Por Pablo Valderrama, director ejecutivo IdeasPaís
La Segunda (Chile), 8 de julio de 2021
El pobre show que ha ofrecido la Convención Constitucional ha ocupado gran parte de la atención de los que siguen la contingencia nacional. Algo de consideración han acaparado también la carrera presidencial y los ya recurrentes actos vandálicos en La Araucanía. Sin embargo, poco antes han producido los principales resultados de la encuesta Casen en Pandemia.
Solo para entrar en detalles, la encuesta revela que, a causa del contexto pandémico, más de dos millones de personas se encuentran en situación de pobreza por ingresos. La pobreza extrema prácticamente se duplicó. Los ingresos provenientes del trabajo, especialmente en los primeros deciles, cayeron abruptamente, salvo, obviamente, en el 20% más rico. La distribución de los ingresos empeoró: el 10% más rico gana 416 veces más que el 10% más pobre (en 2017 la diferencia era de 39 veces). Nuestros “niños primero” siguen estando al último de la fila: los menores de 3 años son el grupo más pobre según edad. A esto se suma el aumento en las brechas de aprendizaje entre los menores, quienes han intentado sobreponerse a un sinfín de dificultades para seguir estudiando (incluso, algunos han pretendido acusar constitucionalmente al ministro de Educación por intentar combatir esas brechas).
Al menos en esto, el Gobierno no lo ha hecho mal. Sin las ayudas y bonos, la pobreza y la pobreza extrema podrían haber aumentado mucho más. Con todo, tendremos que ver qué sucederá si la pandemia y sus consecuencias se extienden y el Estado chileno agota los recursos que han servido de miro de contención.
Todo lo anterior es extremadamente grave, pero pareciera que a nadie le importa. Los pobres son, a fin de cuentas, los acostumbrados a esperar, a quienes naturalmente una crisis sanitaria y económica debería afectar, por lo que a nadie conmueve que sus vidas empeoren. Más nos entretienen los escándalos políticos, los anuarios escolares, las “refundaciones” y un largo etcétera de espacios en donde somos siempre los mismos los que nos hablamos una y otra vez. Esta columna, que se ha intentado salir del comidillo farandulero, será, probablemente, la menos leída, pues nada de morbo hay en ella.

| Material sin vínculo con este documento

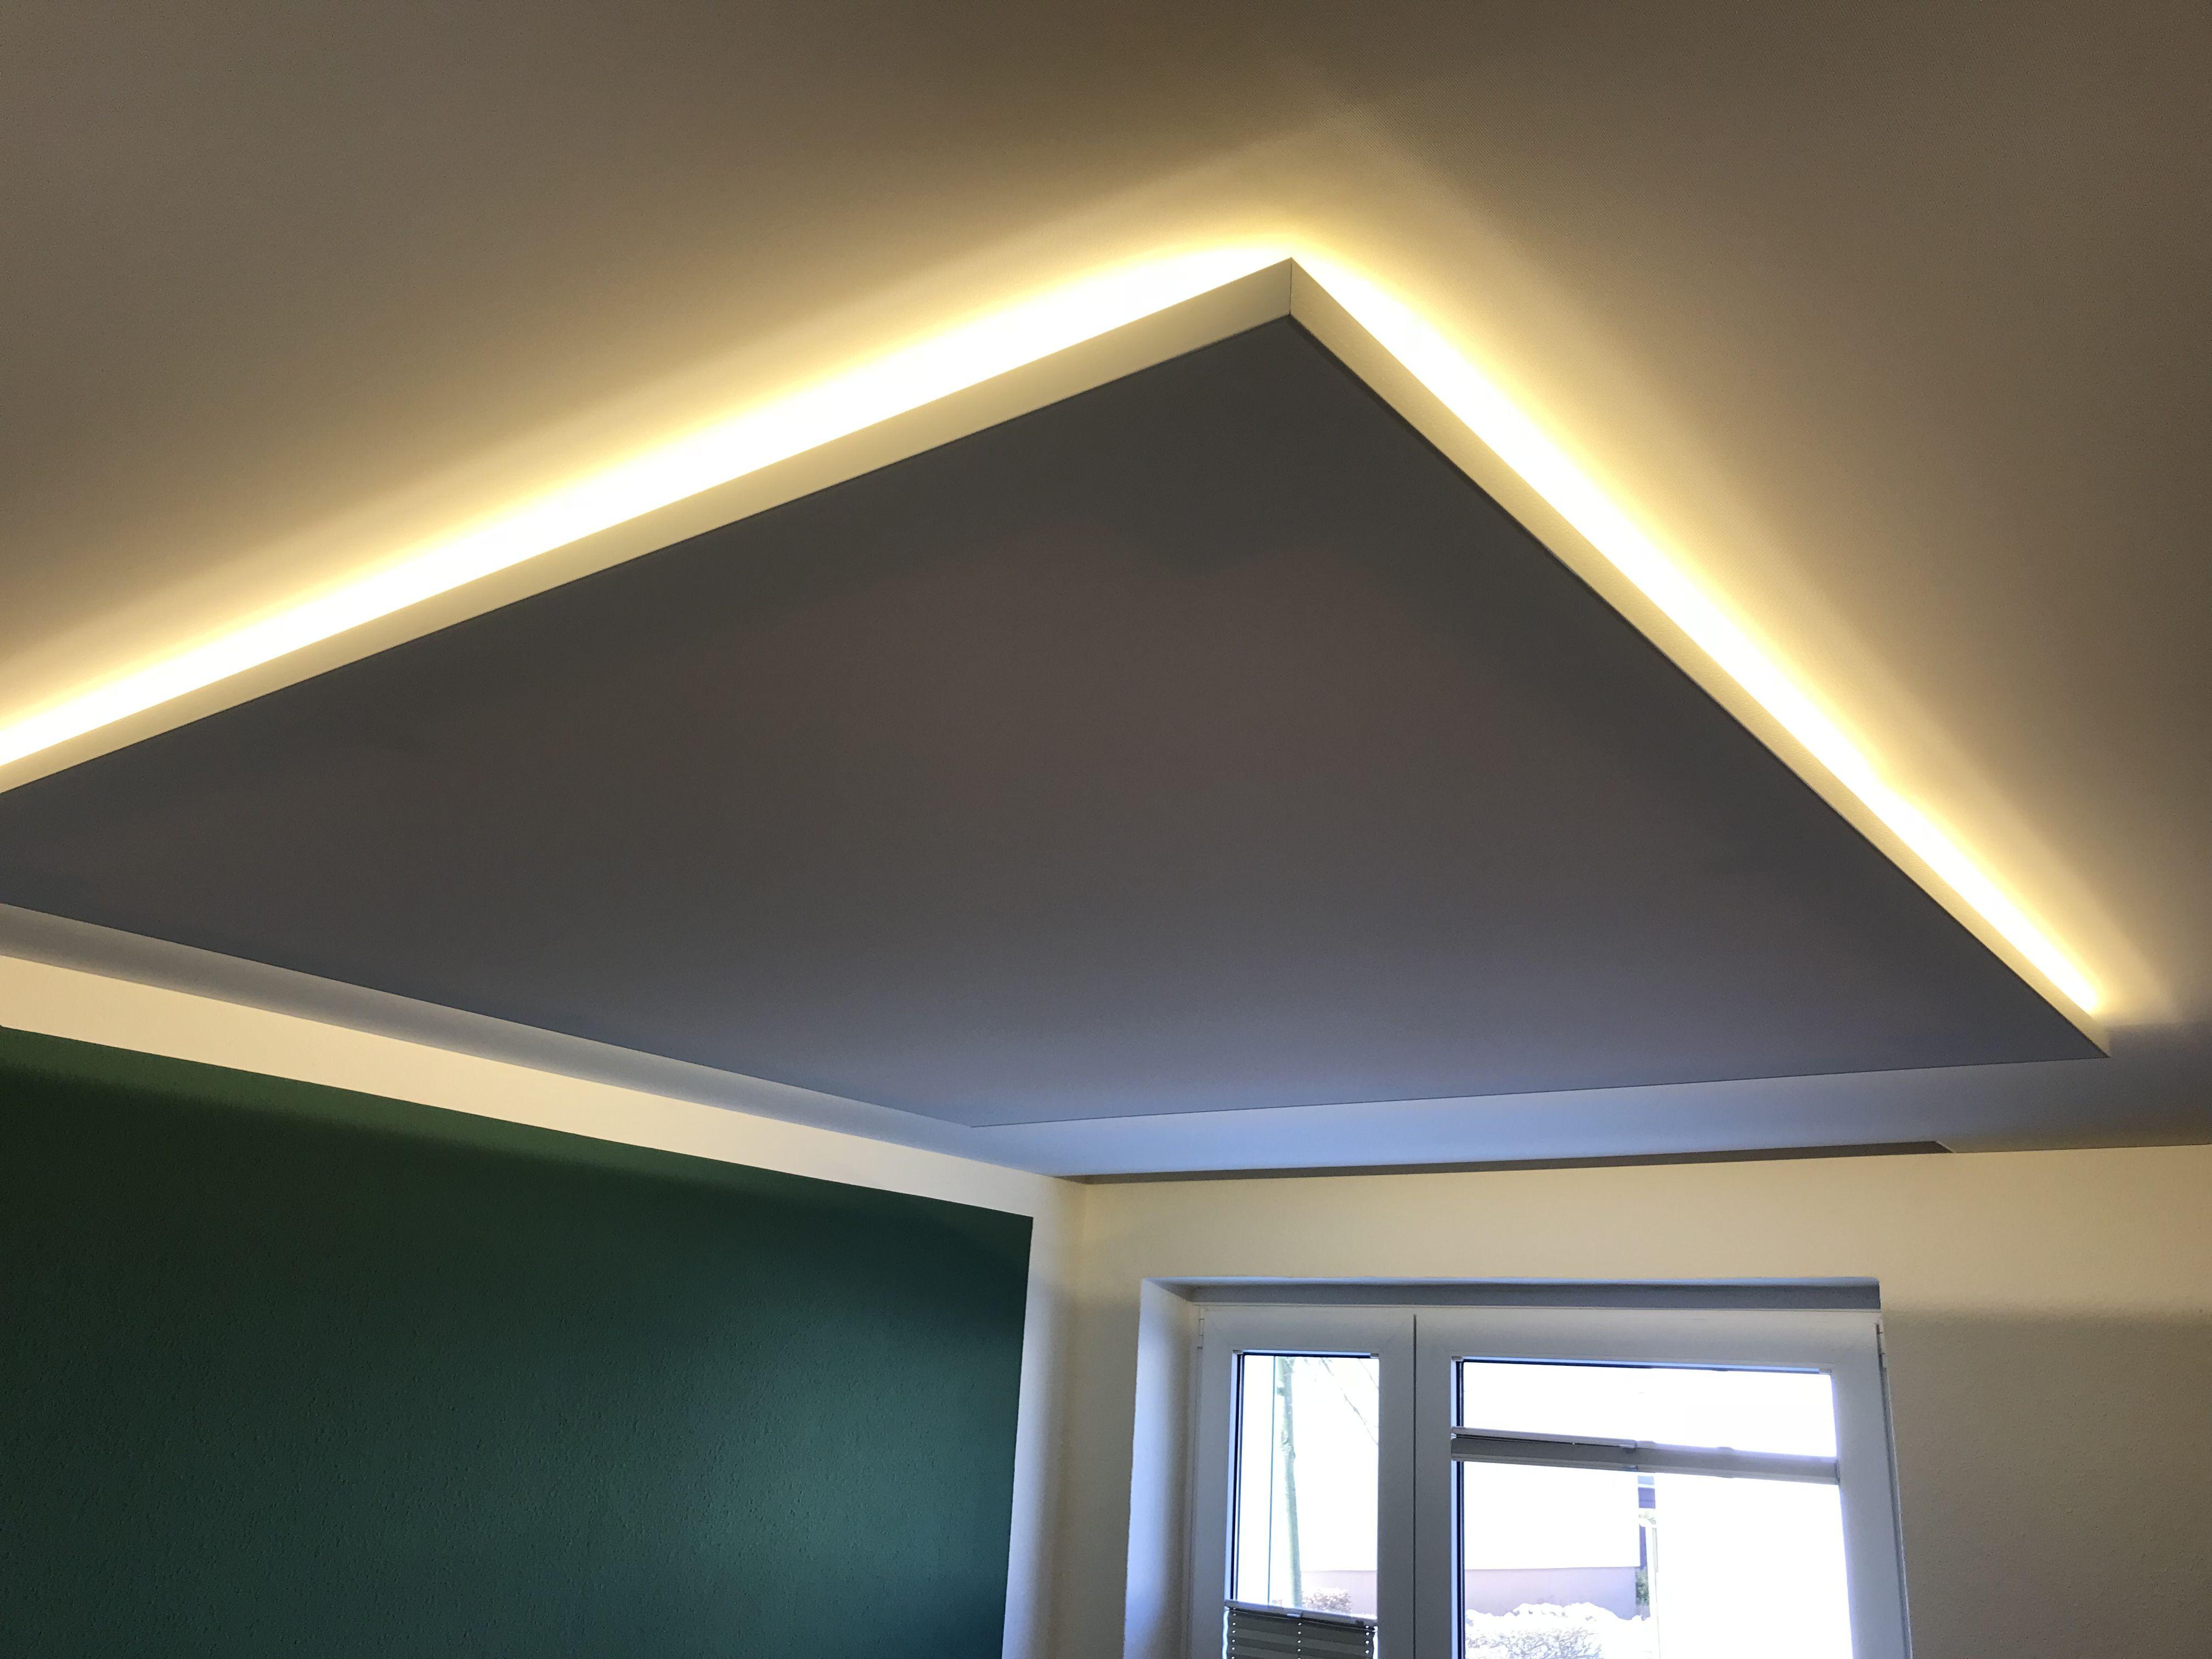 Deckensegel Mit Indirekter Beleuchtung Indirekte Beleuchtung Beleuchtung Lampen Esszimmer
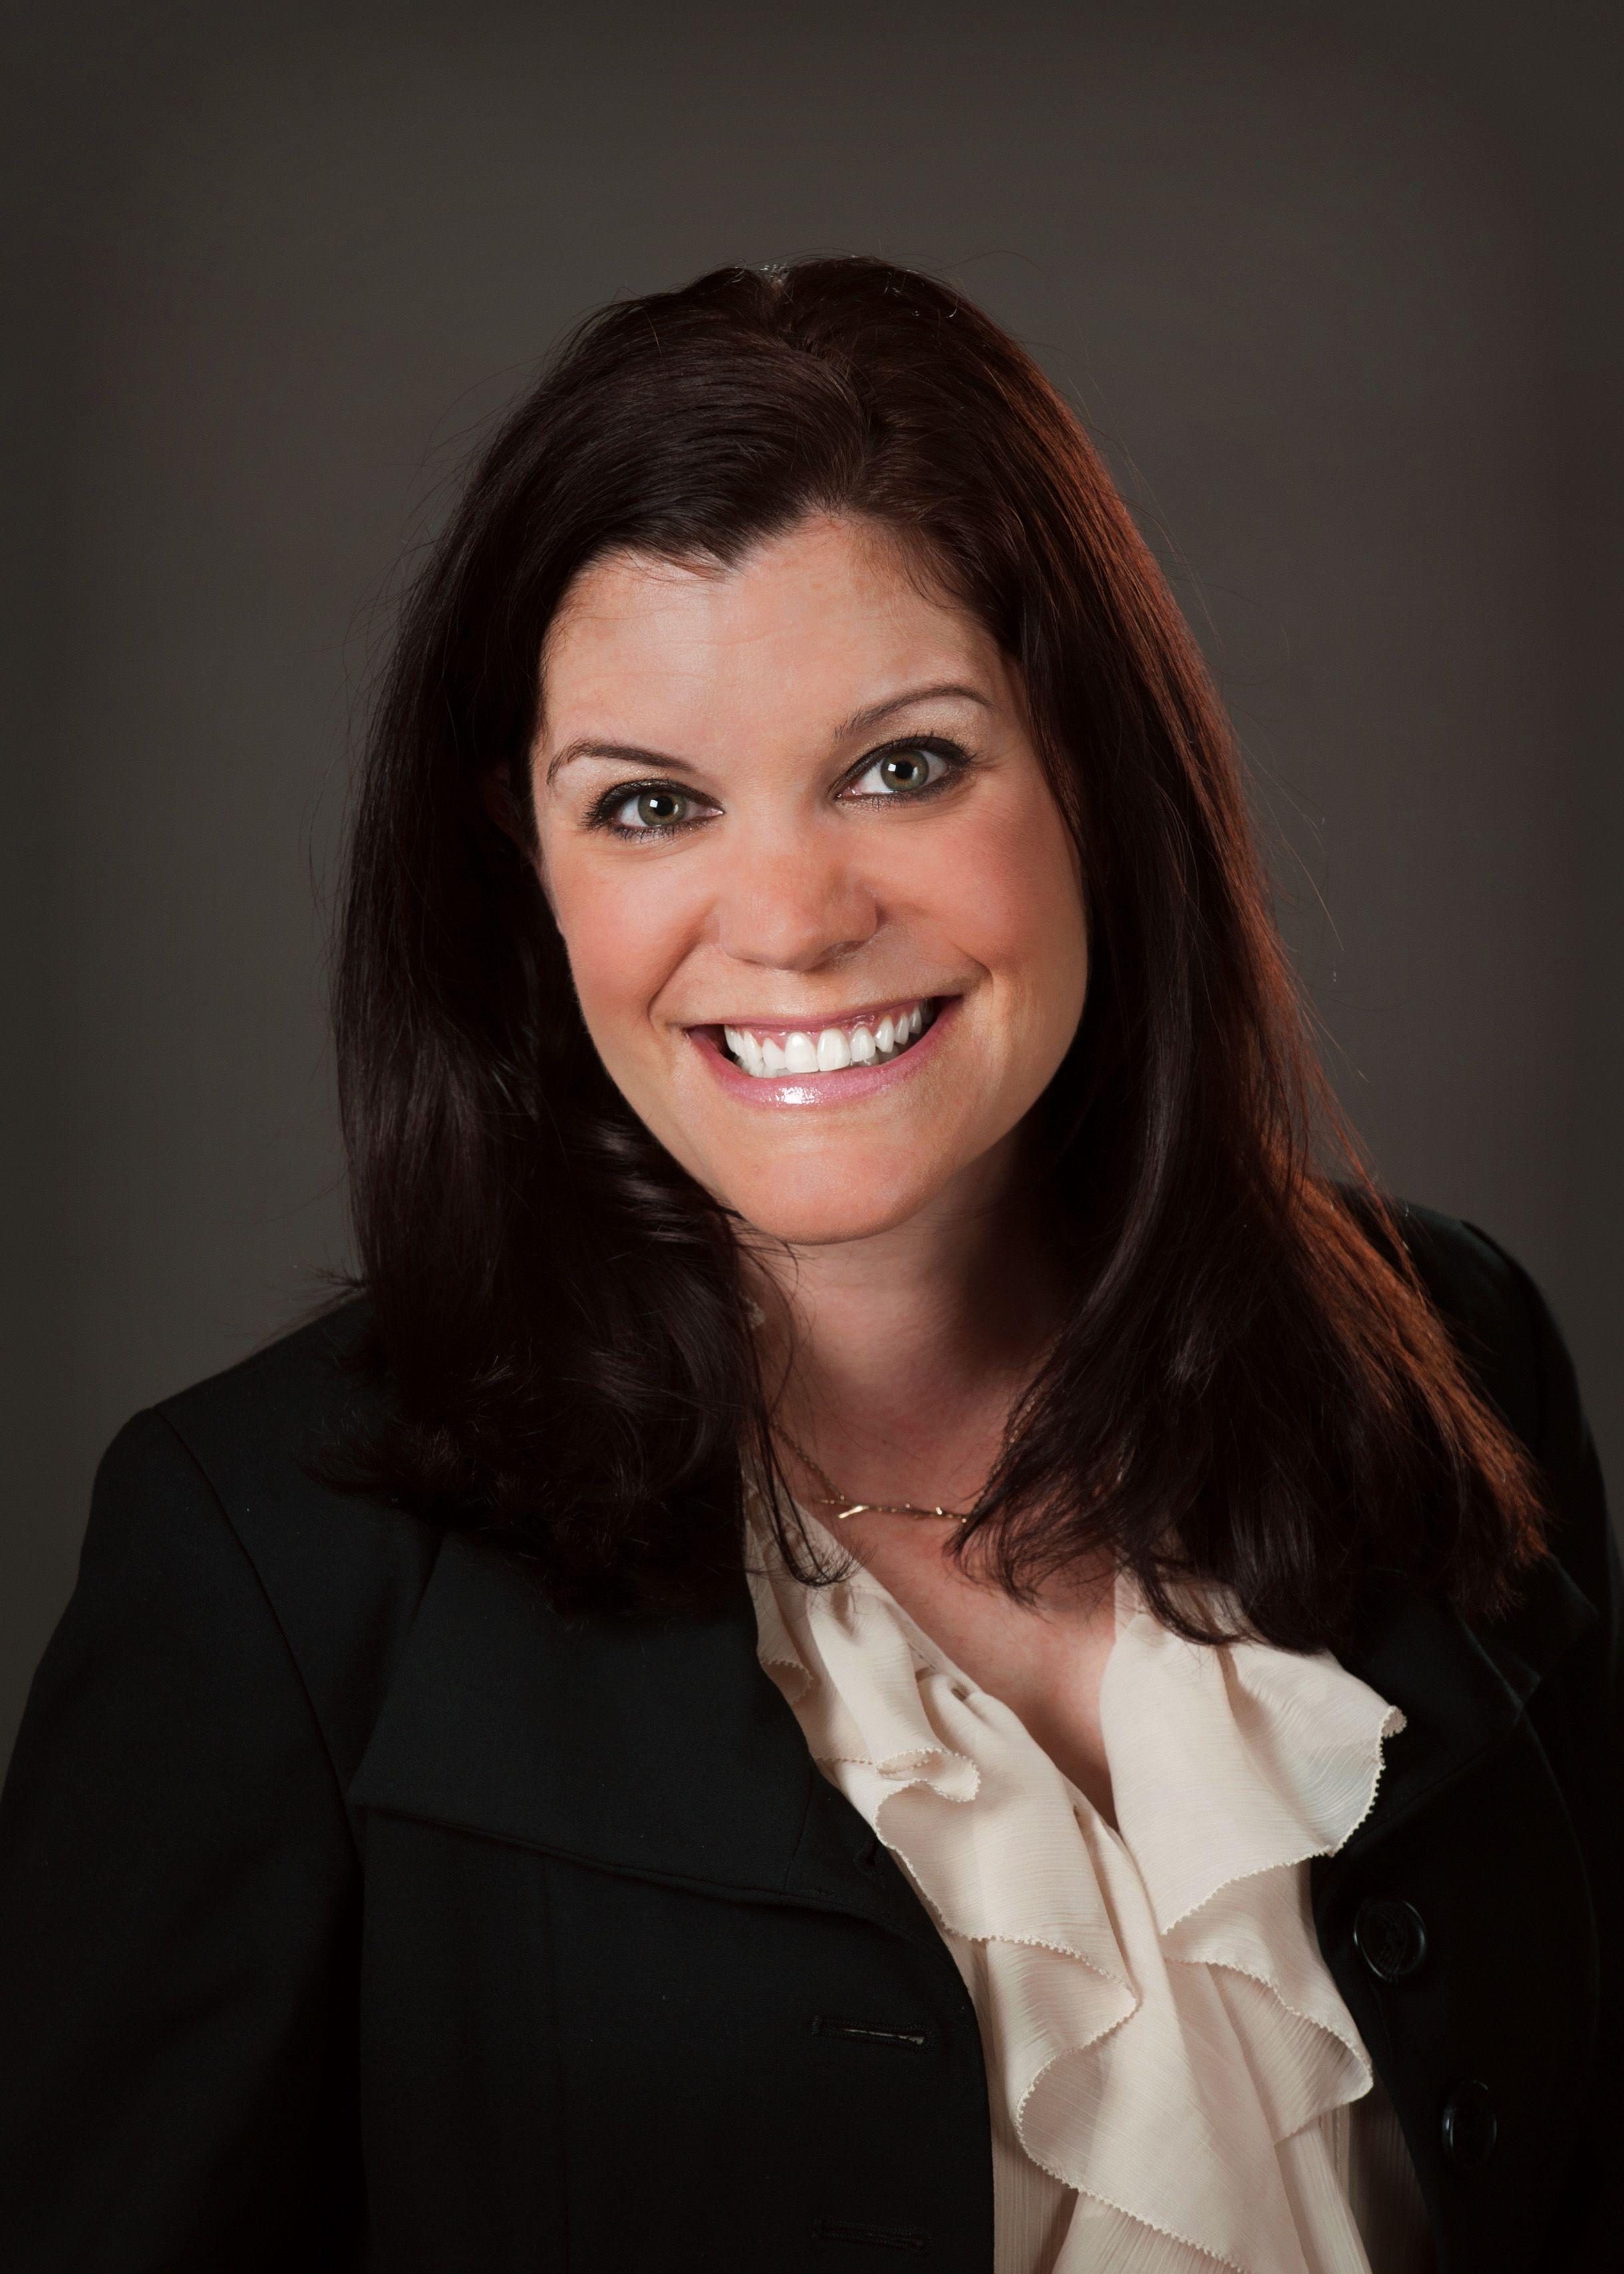 Denise Alpert

¿Qué hacer? Por ejemplo, en lo simbólico, en vez de pifiar el himno nacional, deberíamos usar nuestros emblemas para demostrar un dolor compartido por lo que sucede con la pobreza: dejar la bandera a media asta cada vez que nuestros indicadores confirmen la gravedad de nuestro drama material. Tal vez con eso demostraremos que algo nos importan y duelen los problemas de esos que cada cierto tiempo nos recuerdan que también son chilenos y que, como decía Gonzalo Vial, son ciudadanos de un país secreto a nuestros ojos. Aunque solo sea simbólico, por algo hay que partir.